WHAT NEEDS TO BE DONE: Would you output all the lines below precisely as they stand, leaving each picture out?

DATA SECTION:
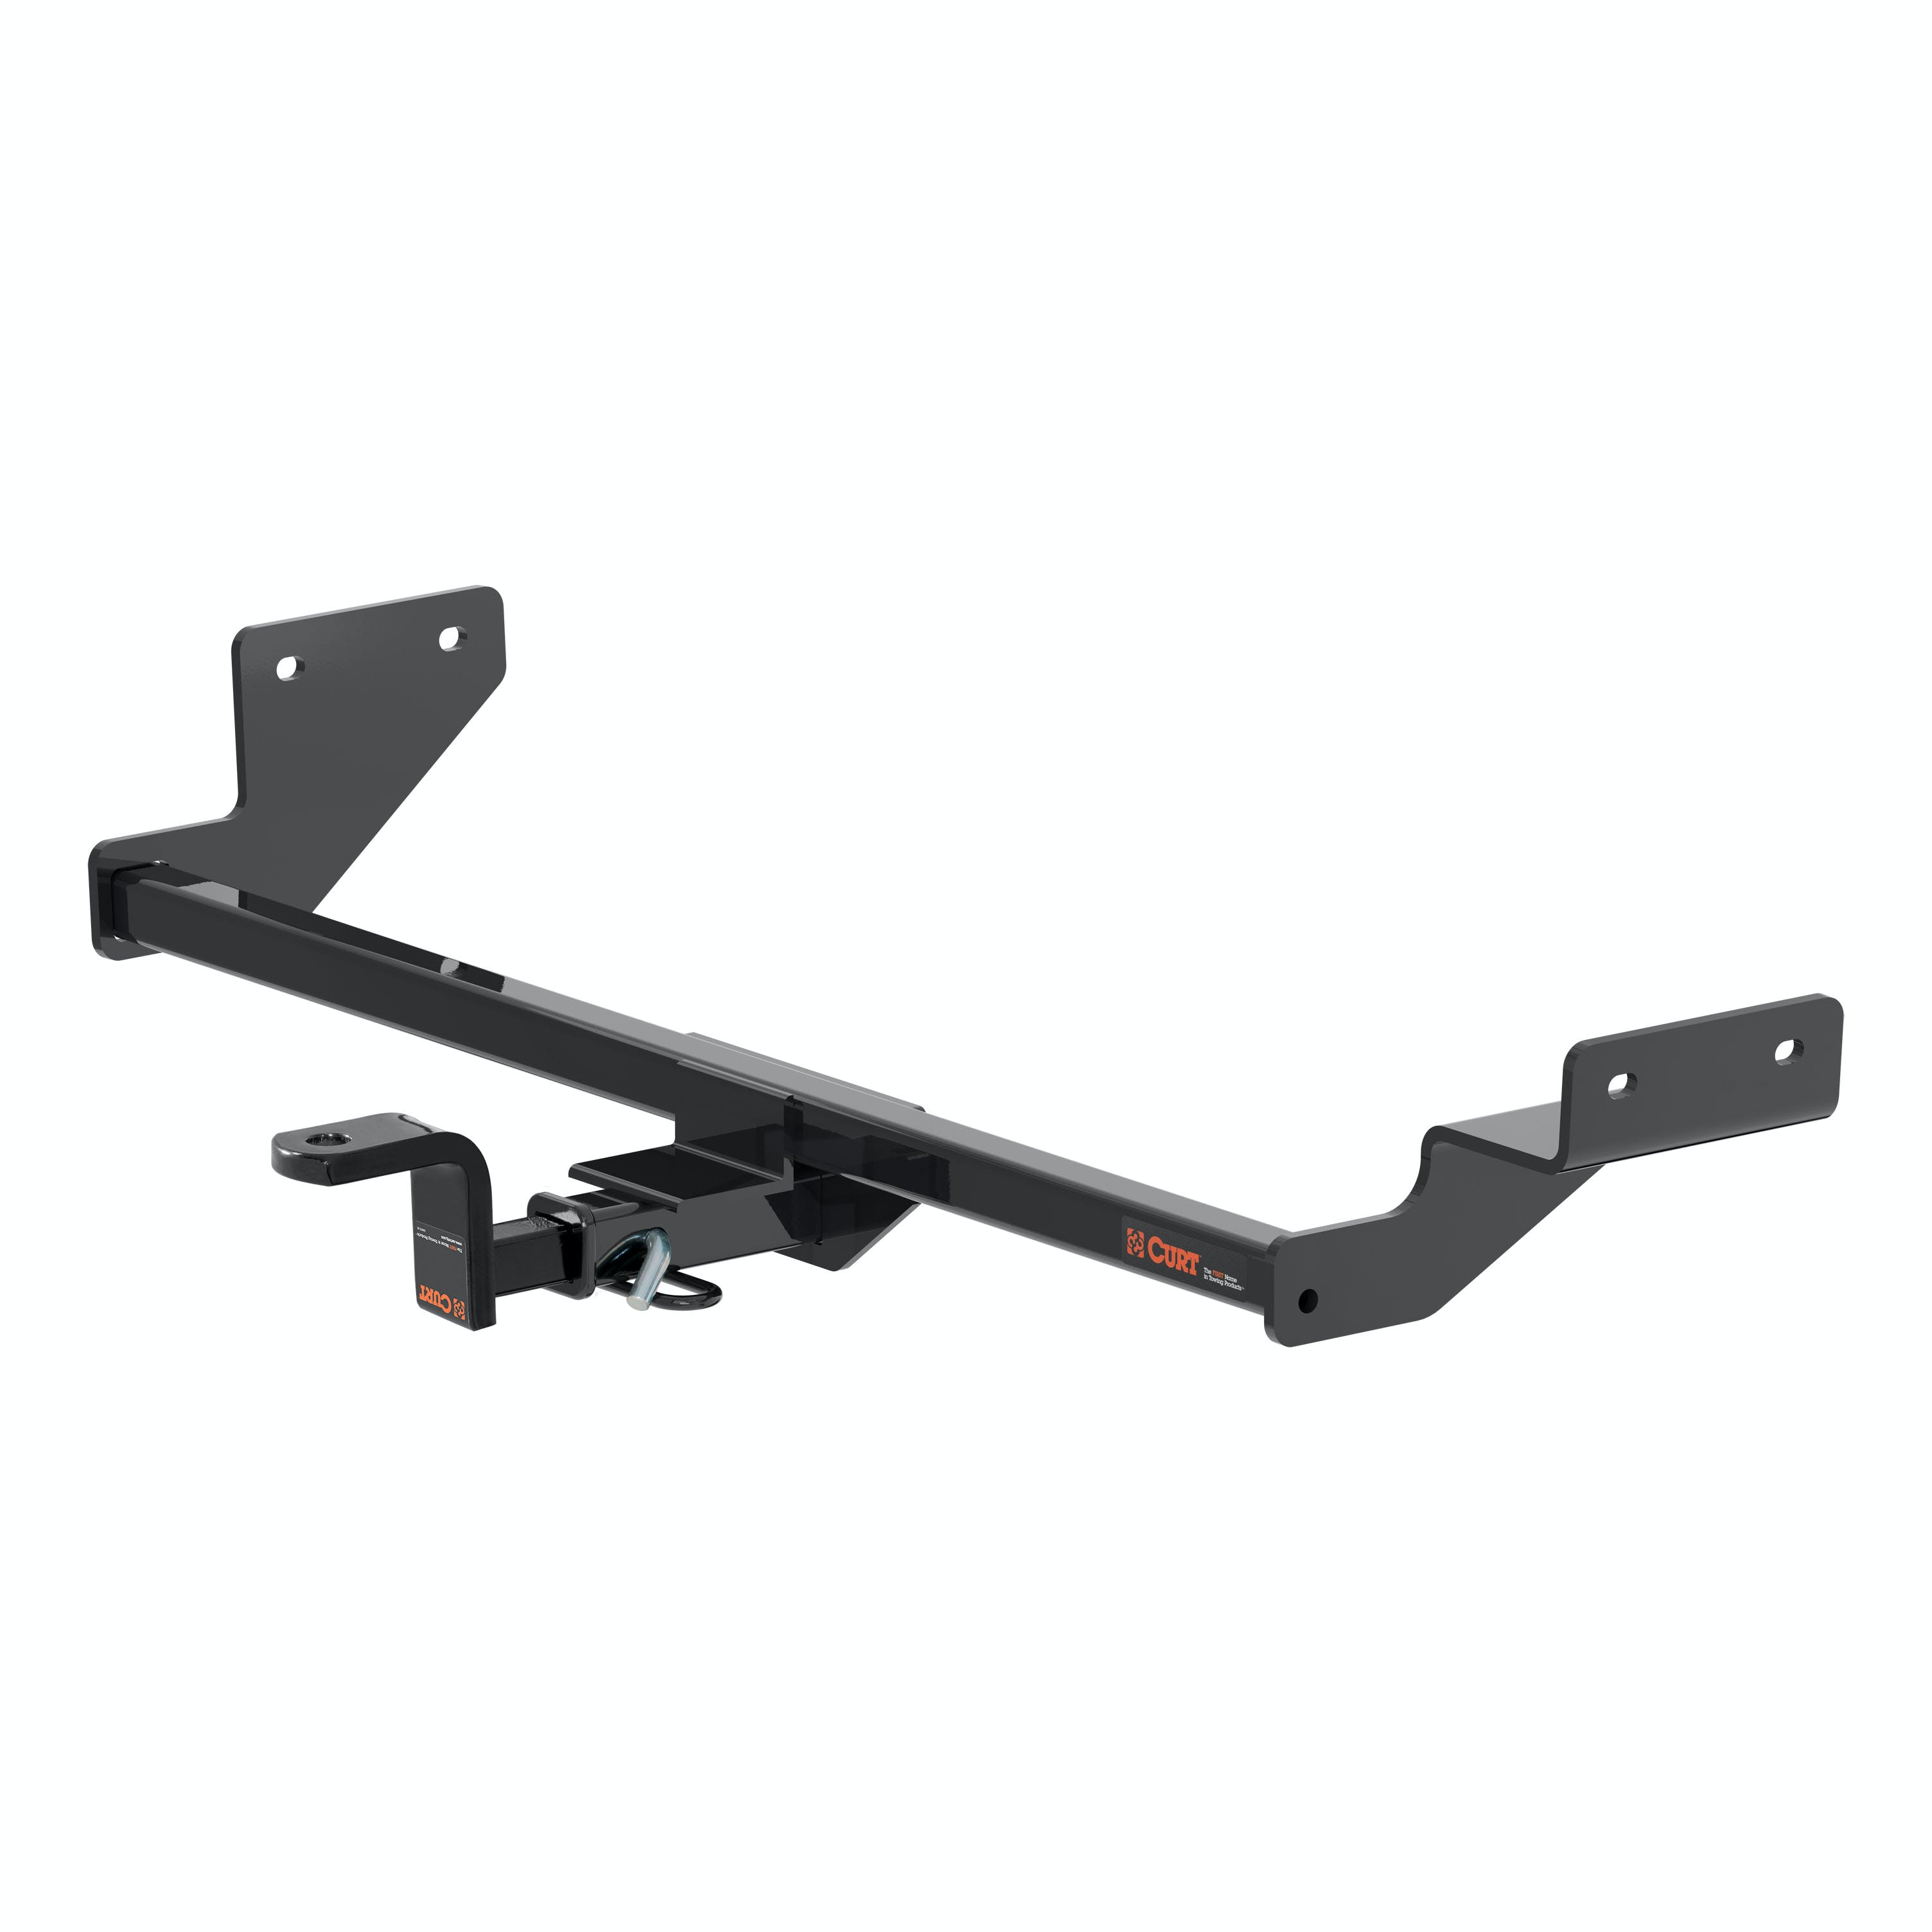 CURT 116153 Class 1 Trailer Hitch with Ball Mount
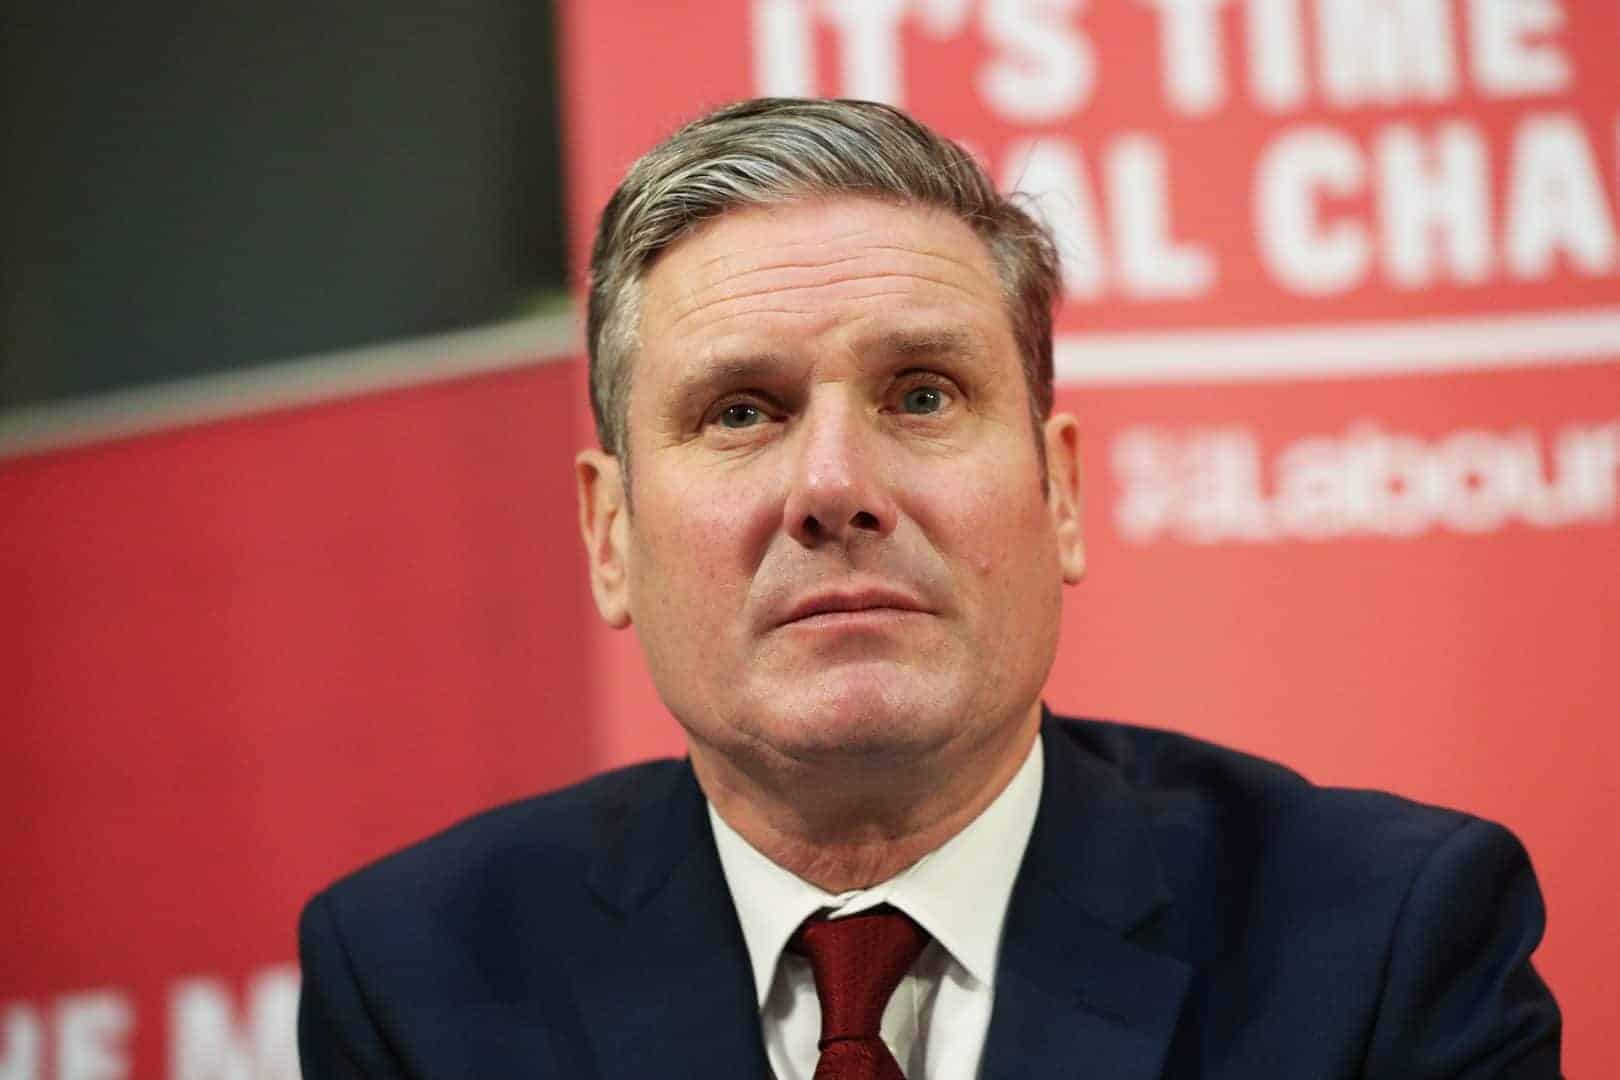 Conservative lead narrows as Starmer pulls ahead in leadership race
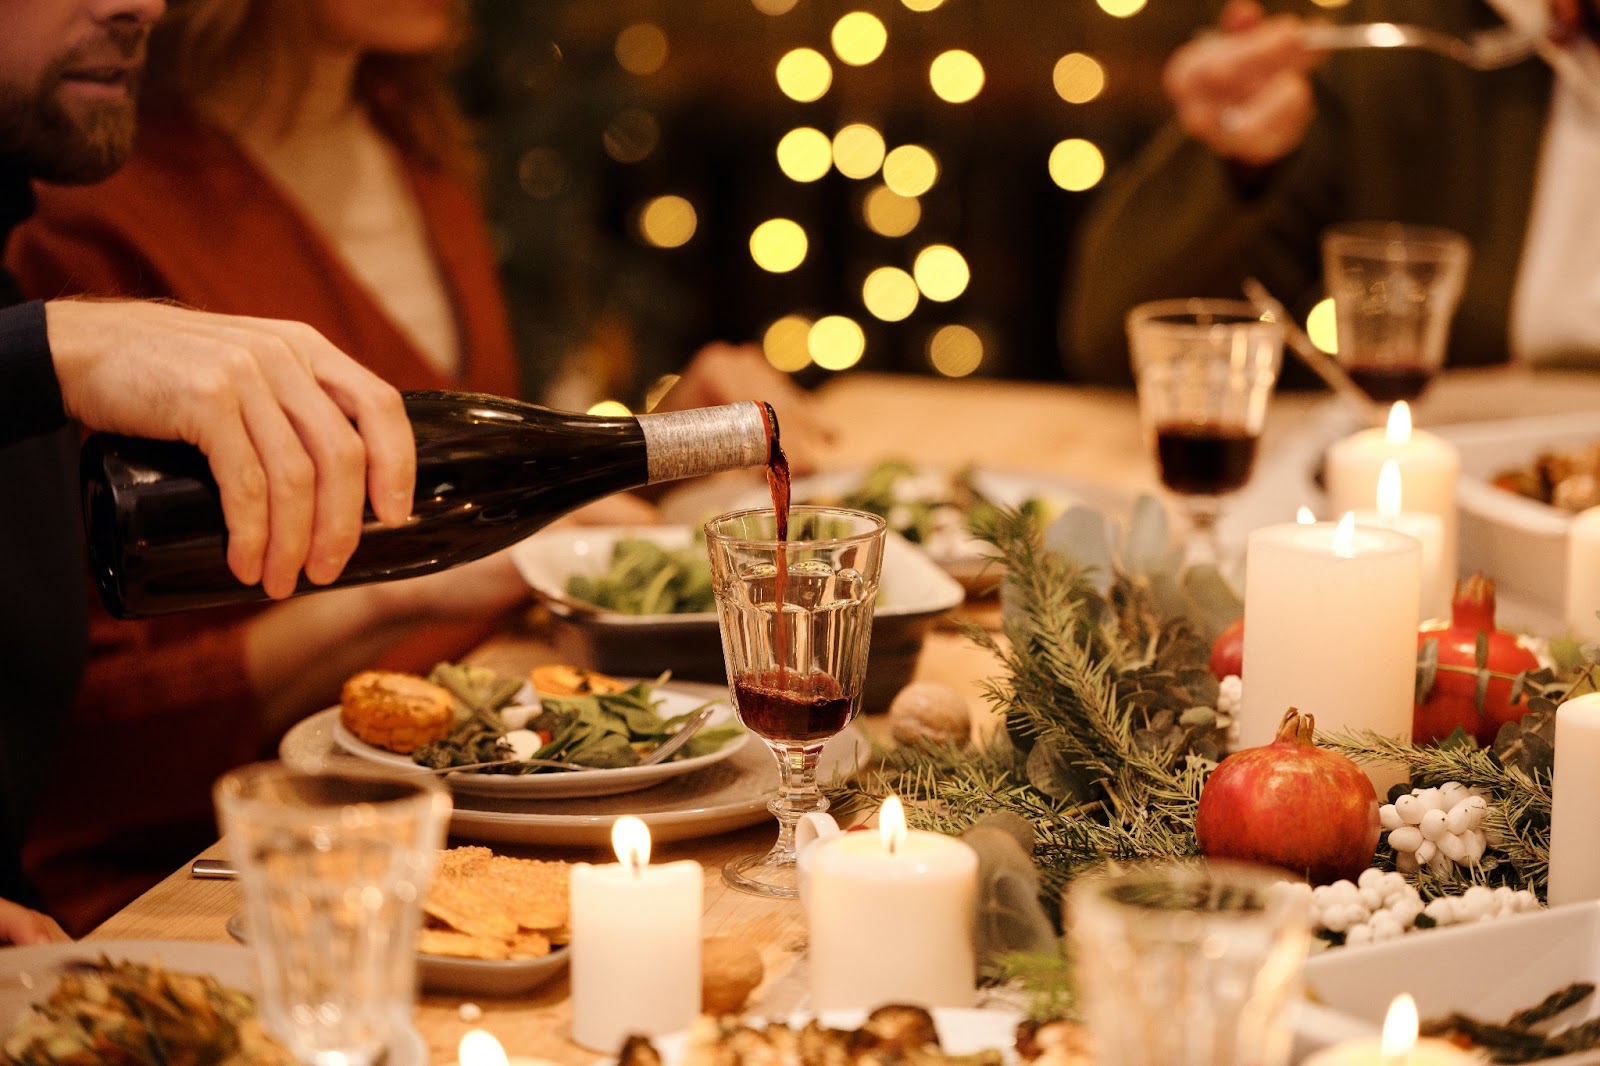 a person's hand pouring red wine into a glass at a festive dinner table

FINISHED EXERCISE:
 CURT 116153 Class 1 Trailer Hitch with Ball Mount
 Conservative lead narrows as Starmer pulls ahead in leadership race
 a person's hand pouring red wine into a glass at a festive dinner table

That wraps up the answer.